© JUNGE FREIHEIT Verlag GmbH & Co.  www.jungefreiheit.de  05/13 / 25. Januar 2013

Wagnerismus des Unterleibs
Oper: „Das Liebesverbot“ im sächsischen Radebeul
Sebastian Hennig

Die Geringschätzung, mit der Richard Wagner sich über sein Frühwerk ausließ, wurde lange Zeit als verbindlich übernommen. Das angestrengte Ringen um die gerechte Aufführung seiner Hauptwerke ließ keinen Raum für Nachsicht gegenüber den „Jugendsünden“. Und freilich ist es unlauter, frühe Versuche herauszuheben, während ein verschwiegenes Einverständnis die totale Entfaltung des Zaubers seiner reifen Werke zügelt. Der Entscheidung, Wagners Werk nicht als integrative Weltschau mit künstlerischen Ausdrucksmitteln, sondern als historisch bestimmte Äußerung aufzufassen, entspricht die Weigerung zur Historisierung von nachwagnerischem Zeitgeschehen. Mythos, der in der nationalen Kunst nicht walten darf, wirkt als Rechtfertigung einer absurden Nationalpolitik.
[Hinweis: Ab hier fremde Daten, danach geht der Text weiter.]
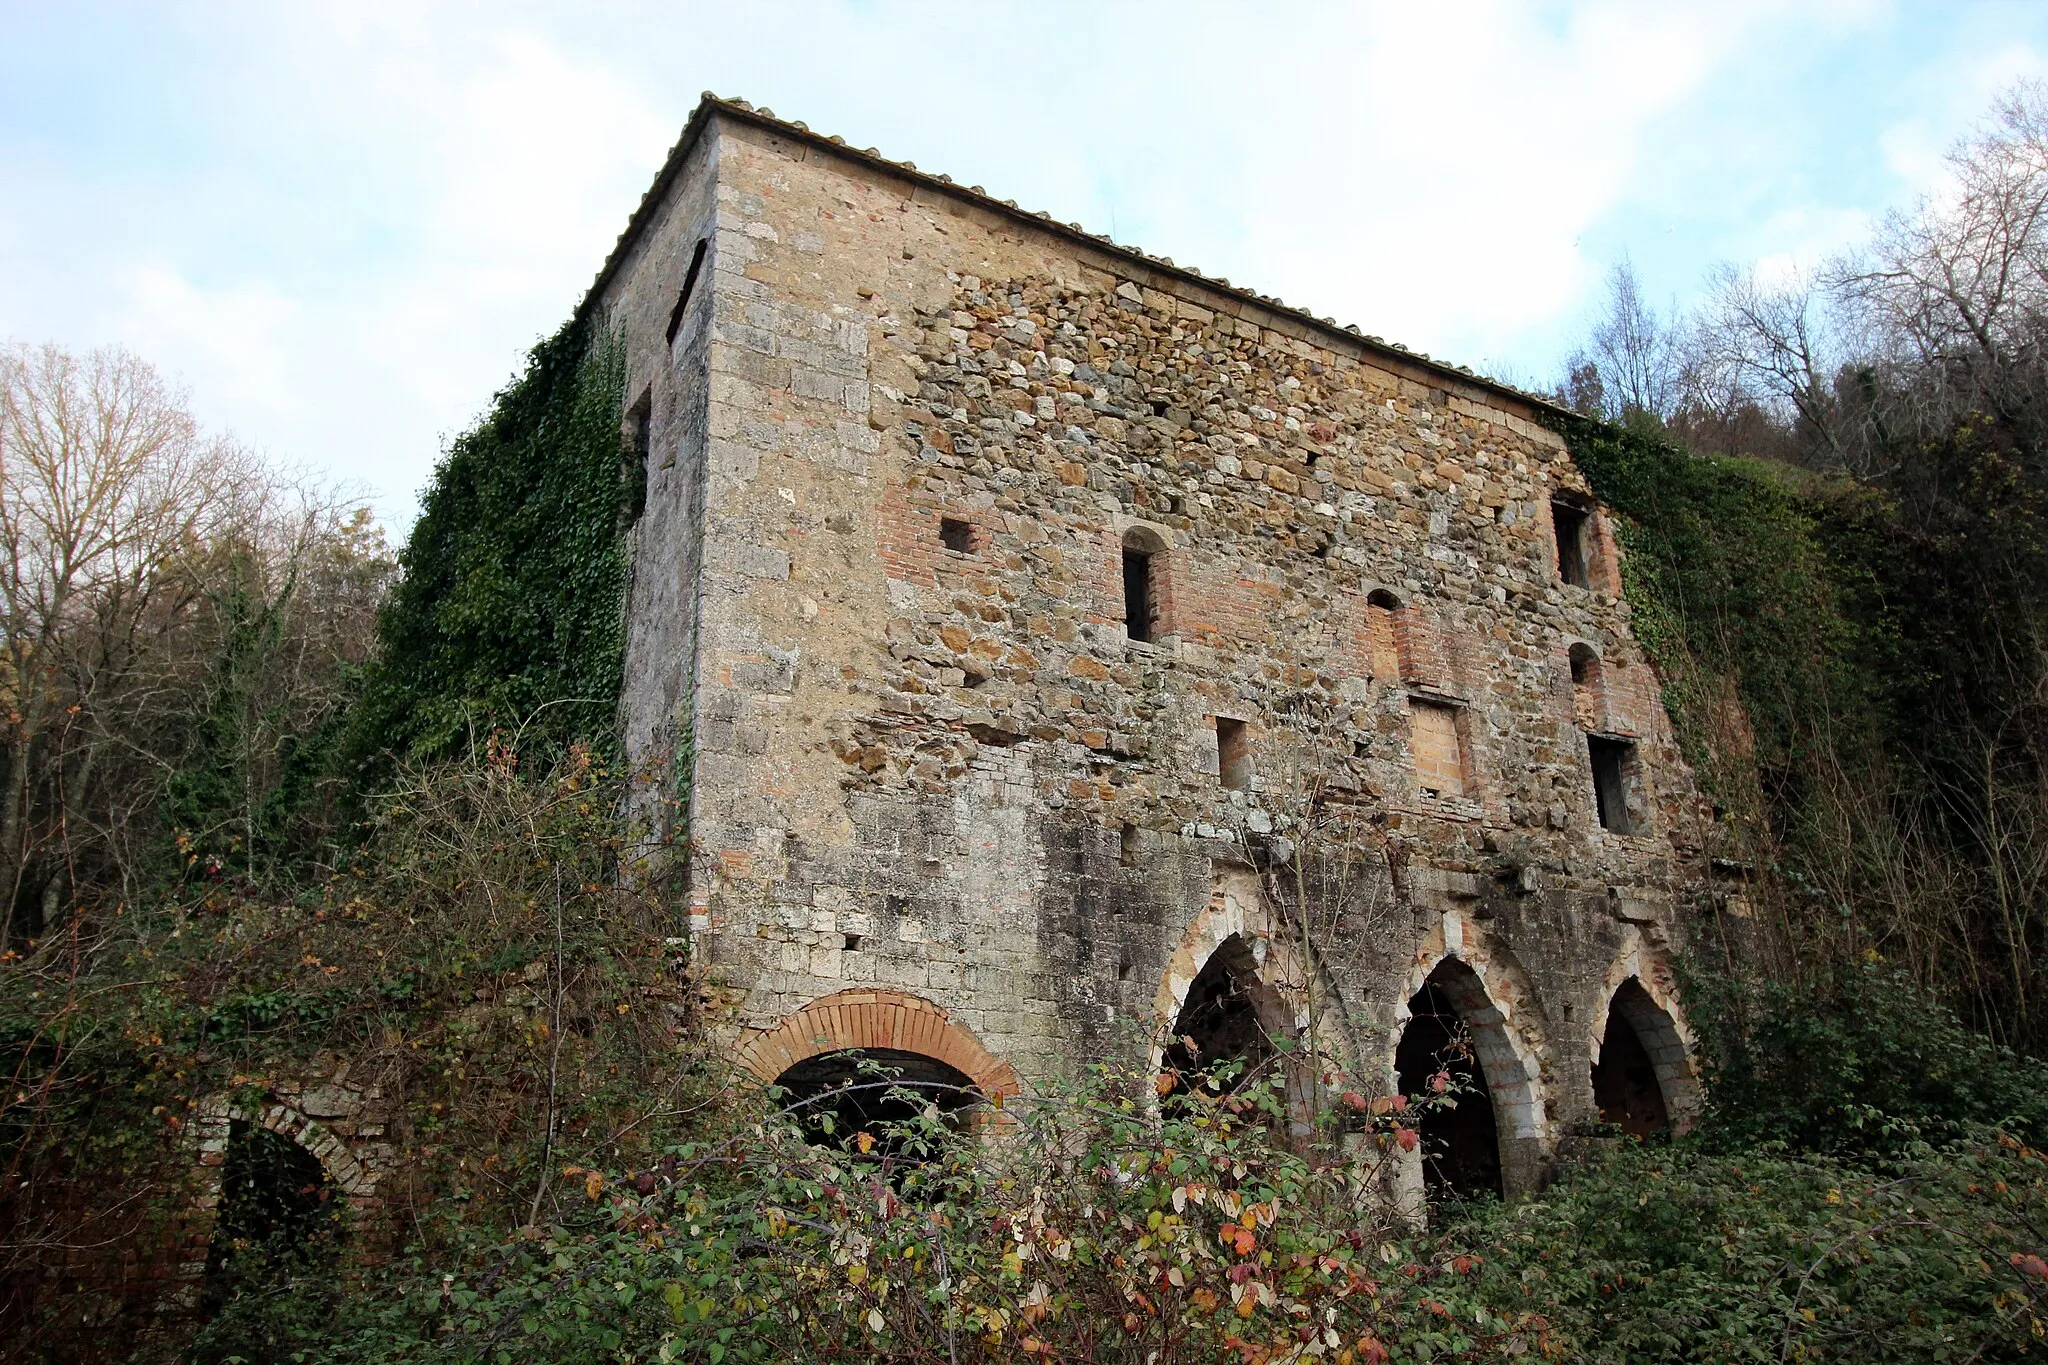 Photo showing: Hermitage Ruin of the Eremo di Santa Lucia a Rosia, part of Chiusdino, near Rosia (hamlet of Sovicille) near the Rosia River, Montagnola Senese, Province of Siena, Tuscany, Italy

Wagner konkurrierte mit den Platzhirschen des Opernbetriebs seiner Zeit. Aus Shakespeares „Maß für Maß“ modelte er sich eine Grand Opéra buffo: „Das Liebesverbot“, uraufgeführt 1836.

Nun feuert eine Aufführung der Landesbühnen Sachsen in Radebeul aus allen Rohren. Orchestergewalt, Sangeskunst, dramatische Bewegung und sinnreiche Ausstattung runden sich zu einem herrlichen Gesamtkunstwerklein. Kastagnetten klappern zur orgasmischen Ouvertüre. Solch ein lüsternes Geflacker übertrifft noch Offenbachs und Vivaldis tönende Laszivität. Darauf wird das Publikum direkt in den Venusberg gestoßen.

Der erste Aufzug ist von italienisch-französischem Opern-Idiom durchtränkt, dann wird es deutscher, ohne dabei an Geist und Anmut zu verlieren. Die Verhandlung zwischen der Novizin Isabella (Stephanie Krone) und dem Statthalter Friedrich (Paul G. Song) in ihrem Widerspiel zwischen edlem Streben und glühendem Trieb sind ein unbewußtes Vorglühen für den Kampf des Tannhäuser mit der Frau Venus. Hier ist der Verführer der Mann. Statthalter Friedrich, der Karneval und freie Liebe verbietet, ist eine tragische Figur von Format.

Die Schlußszene entfaltet sich als großer Karneval zum Motto „Wagner-Posen“. Ein liebevolles tableau vivant, für das alle Handelnden als Helden aus des Meisters Musikdramen verkleidet sind, beschließt und löst die Wirren.

Nächste Vorstellungen der Inszenierung der Landesbühnen Sachsen: 20. Mai im Stammhaus Radebeul, 26. Januar in Eisleben/Landesbühnen Sachsen-Anhalt.